Science

Have a very Merry Christmas and a fact-filled New Year!

Philippa Skett, signing off for Christmas with some festive facts

Have a very Merry Christmas and a fact-filled New Year!

It’s beginning to look a lot like Christmas… isn’t it? No doubt you are reading this already snuggled up warm in your knitted jumper complete with reindeer design, sipping mulled wine and getting positively drunk on the festive cheer. Of course you aren’t; you are like any other Imperial student- walled up in the Library, slowly chewing your arm off. However, who said science can’t be joyous? Spice up your Christmas dinner banter with some of these festive facts, or use them to tell that particularly annoying younger relative once and for all why there is (probably) no Santa.

First off, you need to go out and buy that perfect Christmas tree. It is environmentally better in the long term to buy a real tree, as fake ones are made primarily out of polyvinyl chloride, non-renewable and a producer of carcinogens when synthesised. They may also contain lead and other additives that could lead to health impediments. Real trees can look worn and lose their needles very quickly, but studies show that if you maintain your living room at around a 90% humidity level, there is a fivefold increase in needle retention, as this reduces water loss and any xylem tension that causes the needles to drop off. You might want to give your Christmas party a tropical theme this year…

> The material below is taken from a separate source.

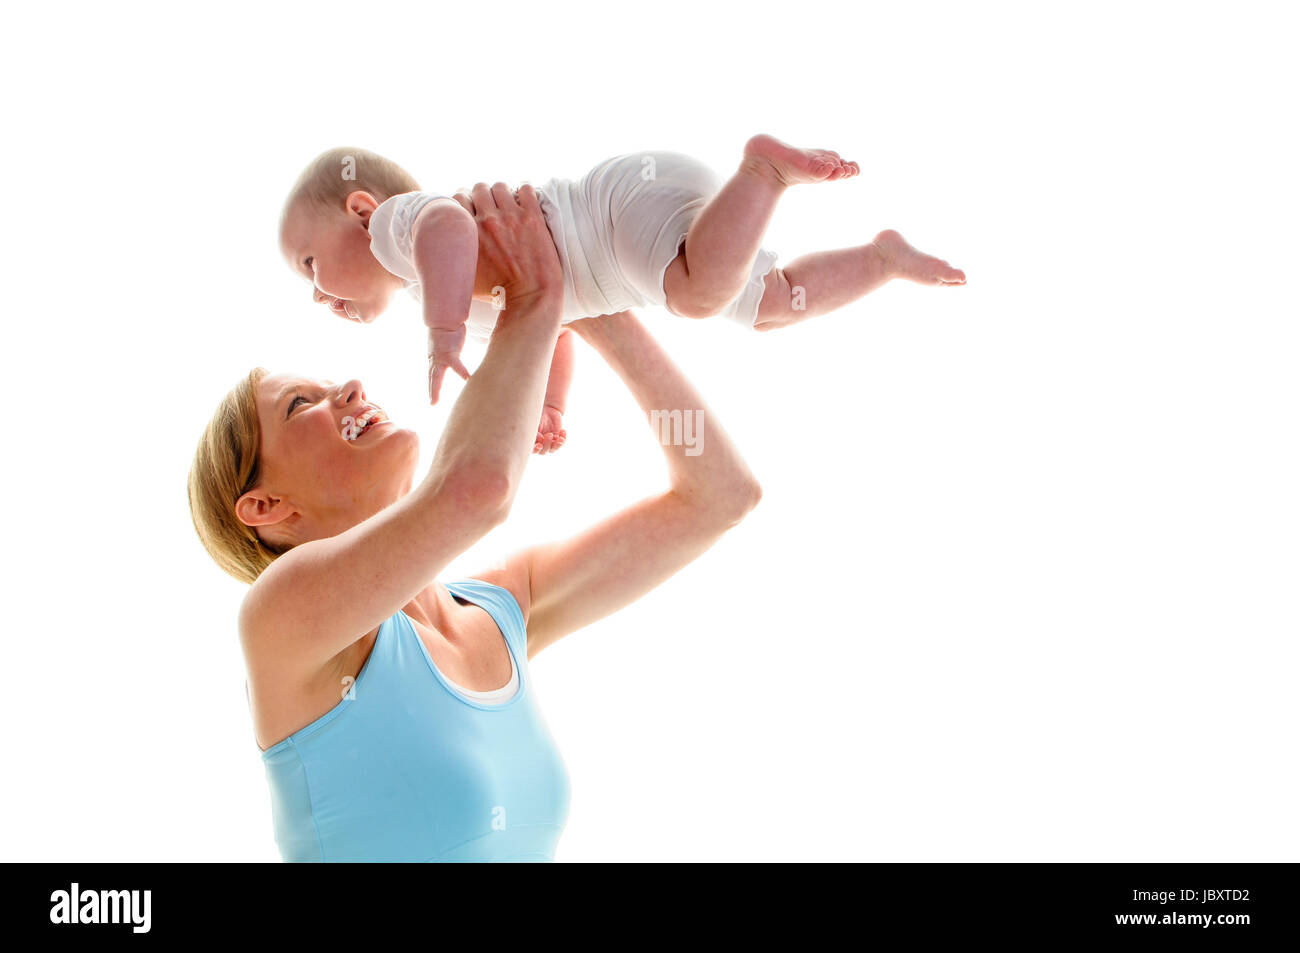 Junge Mutter macht mit ihrer 6 Monate alten Tochter Rueckbildungsgymnastik, isoliert vor weissem Hintergrund. Sie kniet am Boden und hebt das Baby hoch und lacht dabei. Stock Photo
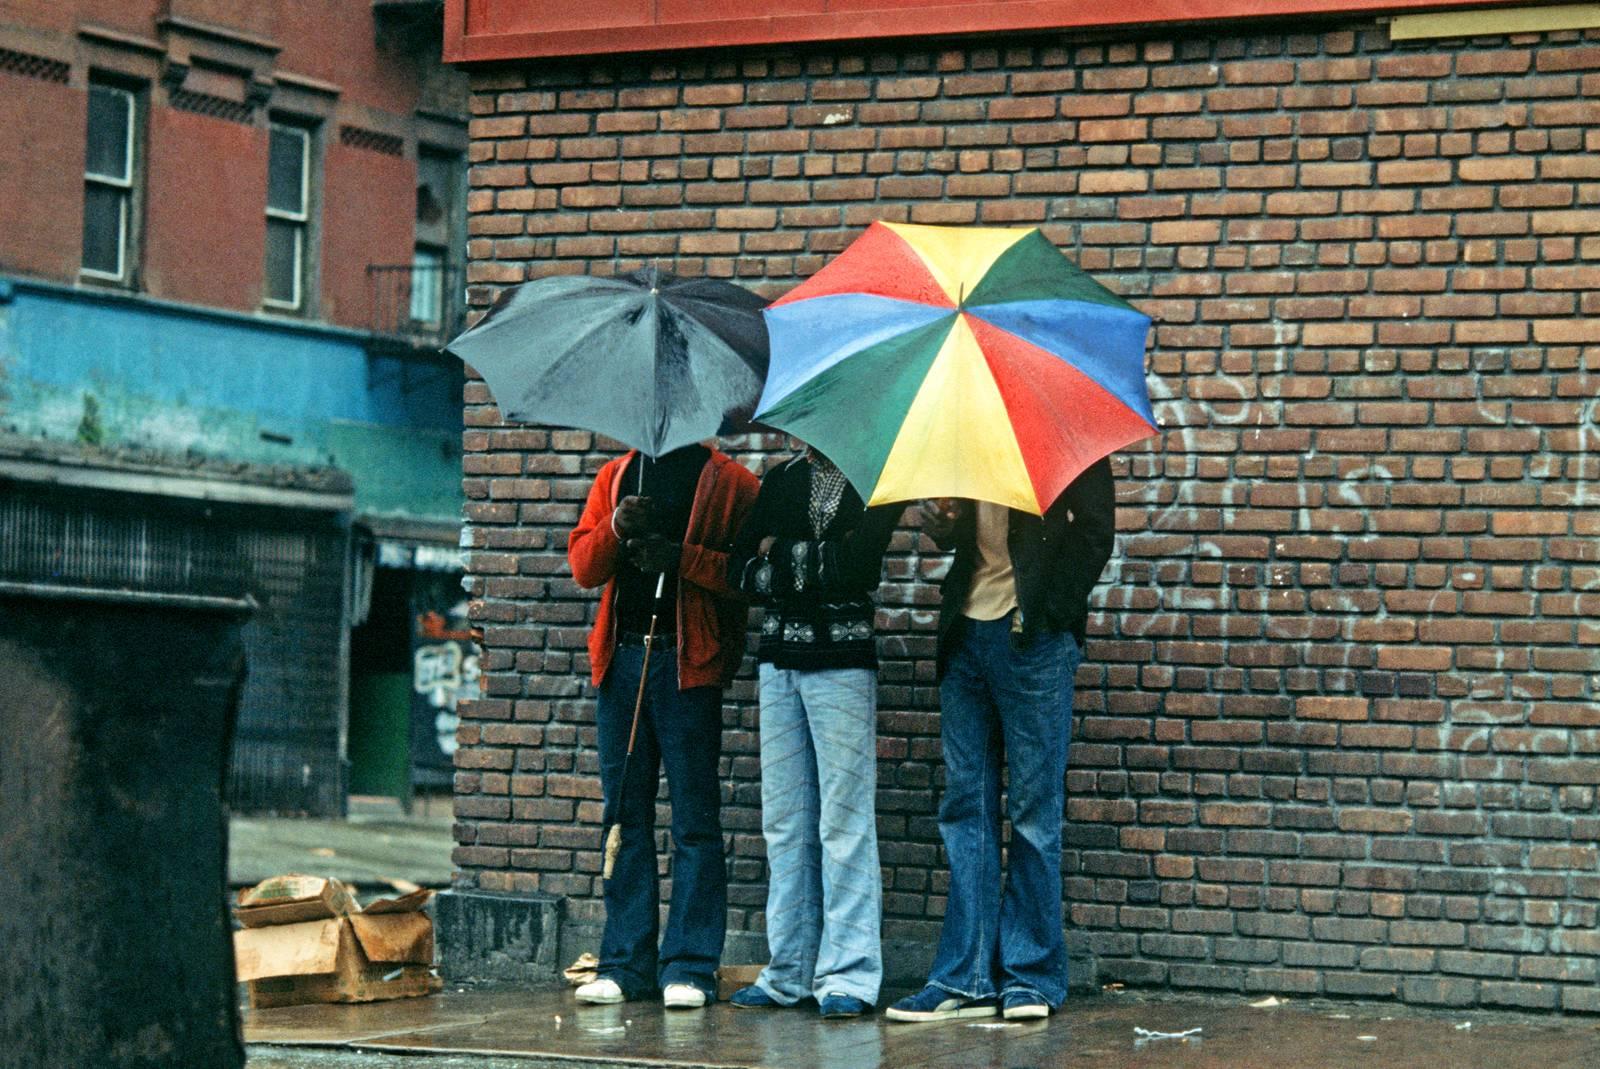 Alain Le Garsmeur Landscape Photograph – Harlem Umbrellas

Still not a tree fan? Mistletoe may be the hemi-parasitic evergreen for you. Viscum fraxini, an aqueous extract from mistletoe species Viscum album L., may have medical potential. V album L. is known to produce proteins that target and kill rapidly dividing cells — those that can lead to cancer. The serum may also be used in the future to induce cell death of immunologically important natural killer cells, which could prove useful in treating autoimmune diseases such as rheumatoid arthritis. However, don’t go chewing these plants if your joints start to feel sore — ingesting V. album L. can cause stomach pain, diarrhoea and a low heart rate.

Speaking of ingestion, how many mince pies do you think Santa Claus really eats throughout his one night of employment per year? Take Britain, with a population of 63.1 million. This includes 10,854,360 children. Removing those who won’t be celebrating Christmas or were on the naughty list (based on the number of first time entrants to the criminal justice system) then leaves us with 10,240,466 children in total. With the average number of children per household being 1.8, and assuming in this waste-conscious time we only leave one mince pie per household, that is still 5,689,148 mince pies Santa needs to get through. That is 1,422,286,933 calories. Santa effectively puts on around 29,000 stone from giving presents to English children alone. Santa is probably dead from obesity-related diseases. Sorry kids.

Even if Father Christmas did slim down over the year, reindeers still could not pull him through the sky. They are particularly unsuitable for flight because mammals are evolutionarily derived from earlier tetrapods; for reindeers to even have wings the development of another set of limbs, bringing their grand total to six, would have had to occur. Reindeer instead have four limbs developed into large circular hooves used to scrape snow from lichen and to spread out their weight, which are hardly aerodynamic. Also, on average, they weigh around 350kg and do not feature hollow bones, or a respiratory system based around four air sacs (as seen in birds) that acts a lot like bellows. Reindeer are destined to stay on the ground.

On a cheerier note, there is always the potential for theoretical physicists to fill in the gaps, with wormholes or space-time warping having the potential for Santa to deliver all the presents in the allotted amount of time. Something some of you could consider for Ph.D research? Lastly, you will also be pleased to know that the Met Office predicts that more than half of all Christmases recorded should turn out to be a “White Christmas,” with 38 out of the last 52 years Christmas days seeing snow. So there is still hope yet for that traditional Christmas card scene for when we take a revision break sometime this holiday.